The behavior of our model's prediction error changed with respect to age, as shown in Figure 4. Not surprisingly, we found the same pattern of over and underestimation of age reported in the literature. One major implication of this type of error is the possibility of inserting biases when trained models are applied to external test sets that have a different age distribution than the training set. Thus, brain age prediction models should consider or aim for age-matched test sets (if possible), even if the model has been validated in external datasets. That way, if any underestimation or overestimation of age is happening with the target set, it can be identified and properly dealt with before any conclusions are drawn. Other means of mitigating the effect of testing models on datasets with different age ranges has been addressed elsewhere (33, 34).

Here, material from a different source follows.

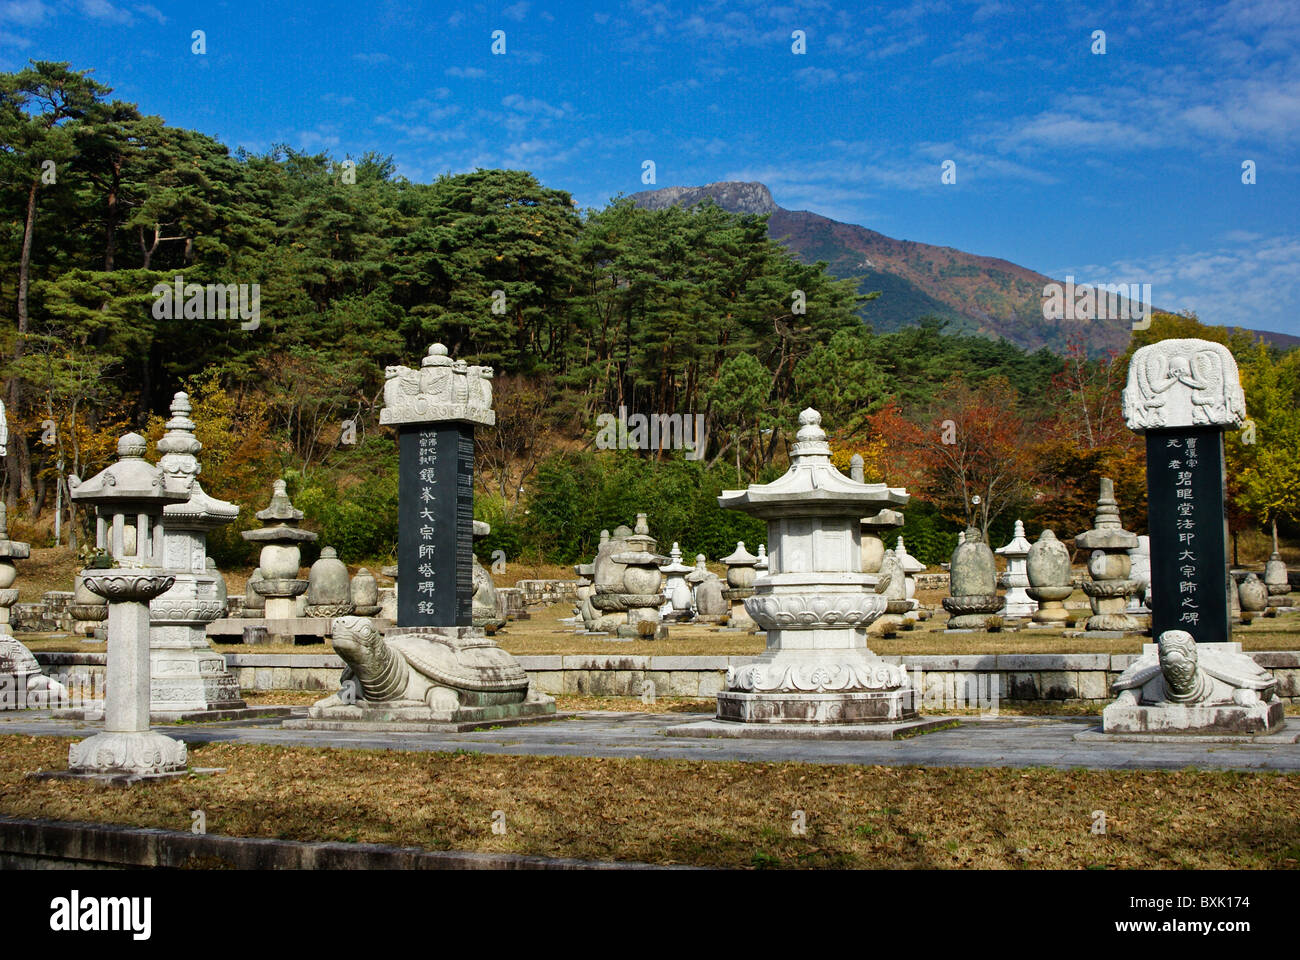 Memorials at Tongdosa Buddhist temple, South Korea Stock Photo

Figure 4. Regression curves for the validation set. Every point represents a person (each person is presented three times, one for each view). Dashed red orthogonal to the x-axis is the age average of the dataset, while the horizontal dashed line is aligned to 0 error as a reference.

4.1.4. Site Effects

The dataset included contributions from 17 different sites. To investigate any biases associated with the different sites, we extracted the age and predicted age for each of our models and each of the 17 sites. We ran a two-tailed dependent t-test to compare age and predicted age among sites and found statistically significant differences for just 6 out of the 17 centers. The data are presented in Table 3 and Figure 5. In four out of the six significantly different centers, all views had significant differences simultaneously, thus suggesting that the models tend to operate in similar manner, and that an actual superiority of the sagittal slice model needs to be further investigated.


Table 3. Site effects for each orientation and each site. p < 0.03 in bold.


Figure 5. Site effects for axial, coronal, and sagittal views. For each orientation, the chronological age and predicted age are shown side-by-side by site.

4.1.5. Sex Effects

Previous papers suggest that sex can play a role in biasing brain age prediction models. For that reason, we assessed how sex influenced our predictions. We executed a two-tailed paired t-test for age and model predictions for both males and females independently and found no significant differences (p < 0.03). We ran a two-tailed unpaired t-test for males and females to see whether predictions or age was significantly different between groups, also with negative findings (p < 0.03). Table 4 summarizes our tests. we applied a two-tailed dependent t-test to compare group means, the test showed no significant differences.


Table 4. Sex effects for each combination of age and prediction and males and females.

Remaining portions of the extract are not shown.